While the brand-name drug was labeled for administration to cattle in a single dose or over multiple days, the generic was labeled for administration to cattle only over multiple days, according to court documents. Bayer’s patent on a single-dose administration expires in June 2015.

Bayer officials had said in a 2006 petition to the FDA that about three-quarters of cattle treated with Baytril 100 for bovine respiratory disease received a single-dose treatment. The petition cited a survey of 300 veterinarians who administer the drug.
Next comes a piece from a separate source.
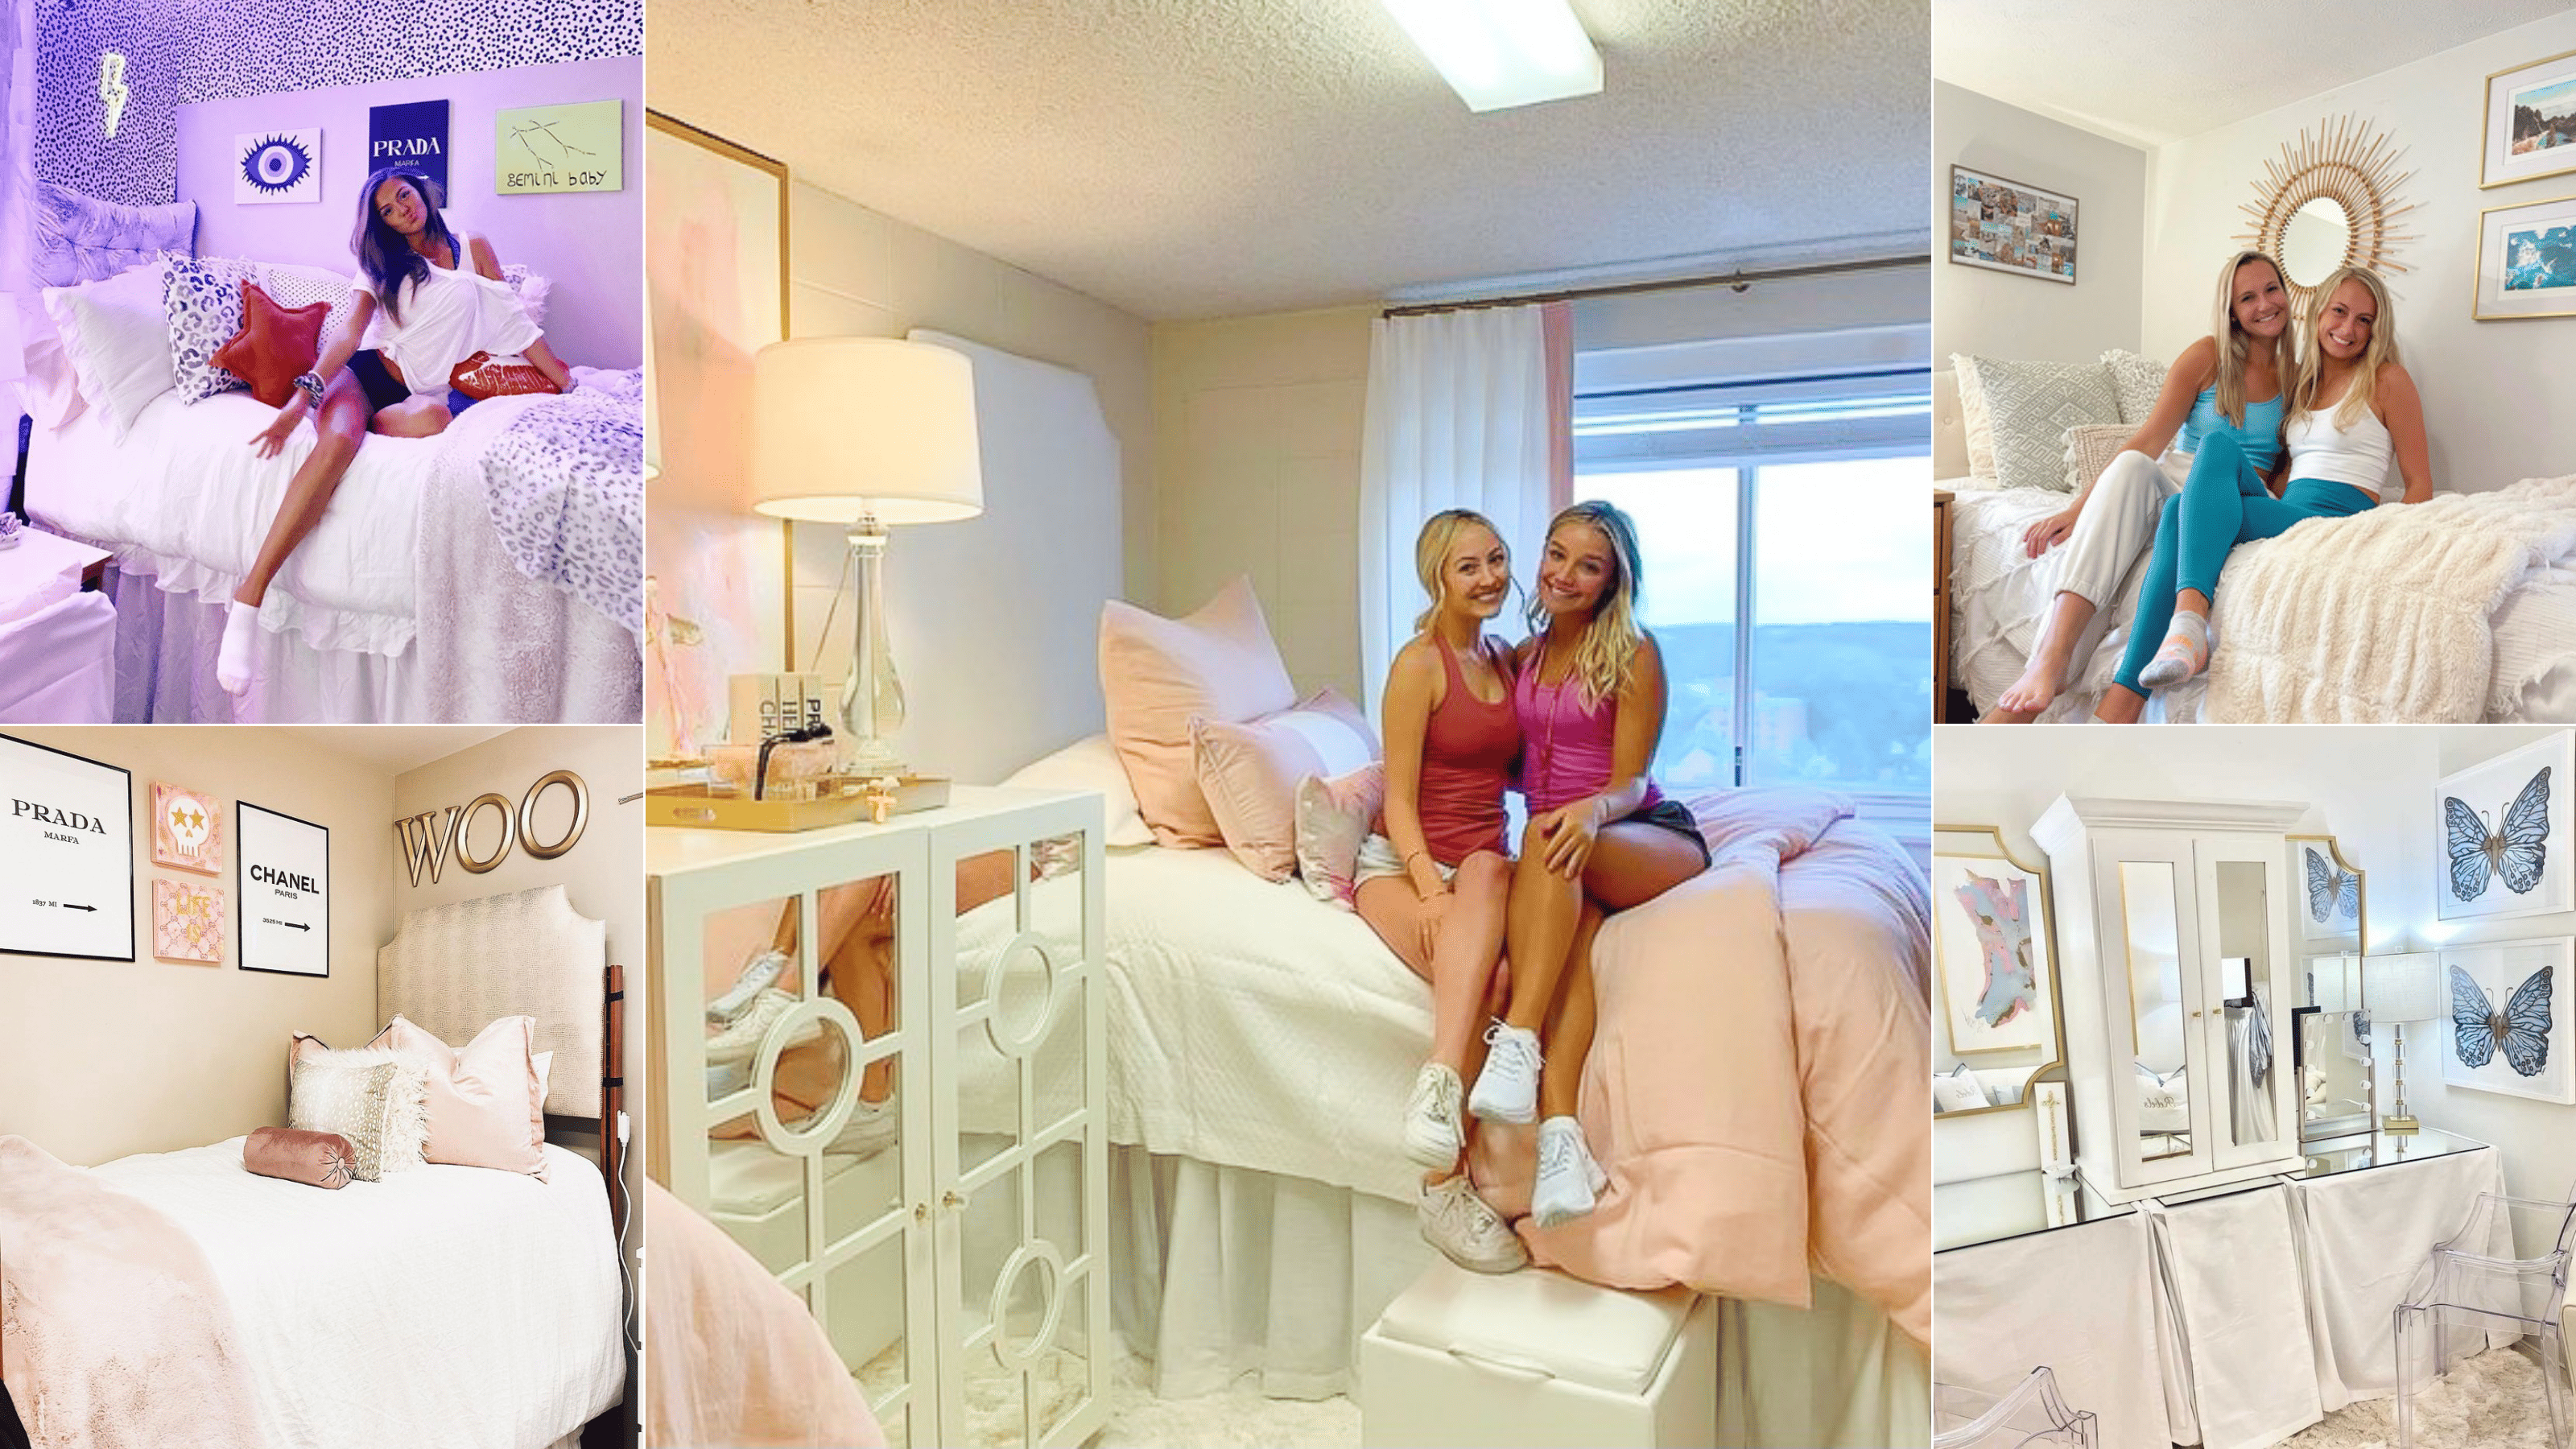 The Best College Dorm Room Ideas for Girls & Where to Buy
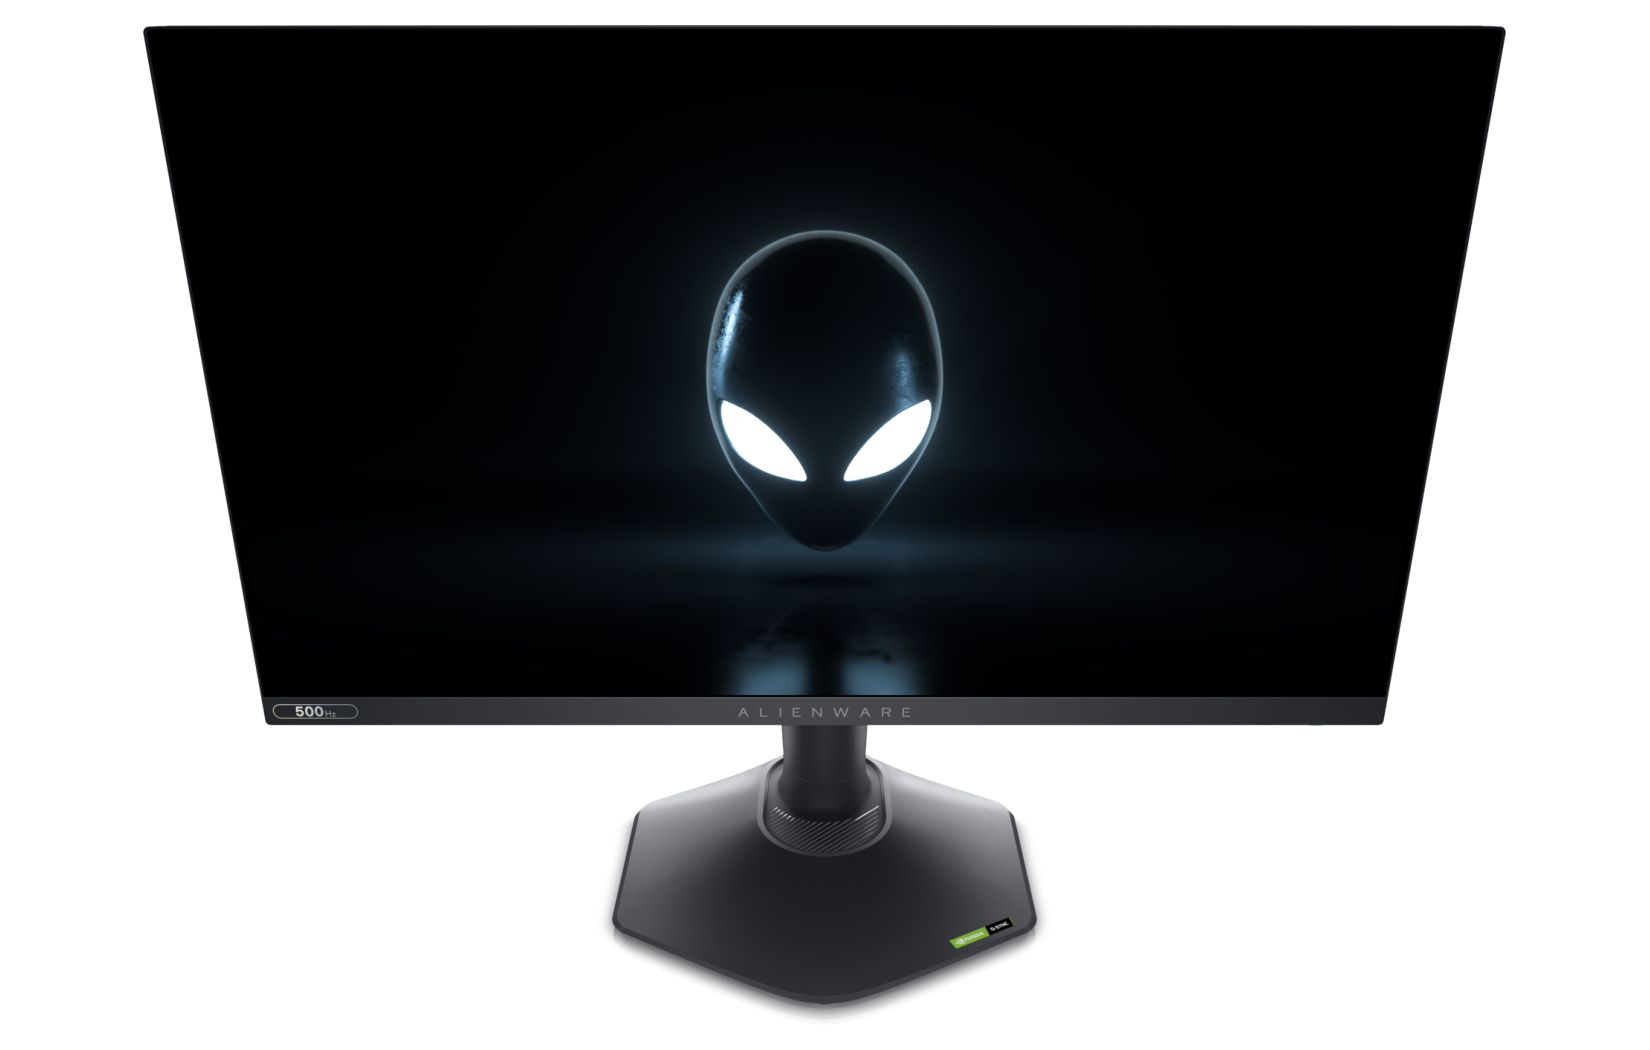 Alienware 360Hz Gaming Monitor 24.5 Inch FHD (Full HD 1920 x 1080p), NVIDIA  G-SYNC Certified, 100mm x 100mm VESA Mounting Support, Dark Side of The  Moon

Company officials argued in the petition that most buyers of a generic alternative would administer that drug in a single dose, even if the generic drug were labeled only for multiple-day treatment. They also said a company manufacturing a generic version of the drug would promote such extralabel use.

The FDA did not provide a final response to the petition, which was still pending when Enroflox 100 was approved earlier this year, court documents state.  Staci Gouveia, a spokeswoman for Bayer, said her company filed the suit because the FDA did not respond to the petition and because Bayer sees the generic drug’s approval as illegal.

Bayer further argued in court documents that, with approval of the generic drug, Bayer would lose money, employees, and research and development resources.

Chip Whitlow, marketing manager for Norbrook, said the company was declining to comment because of the ongoing proceedings.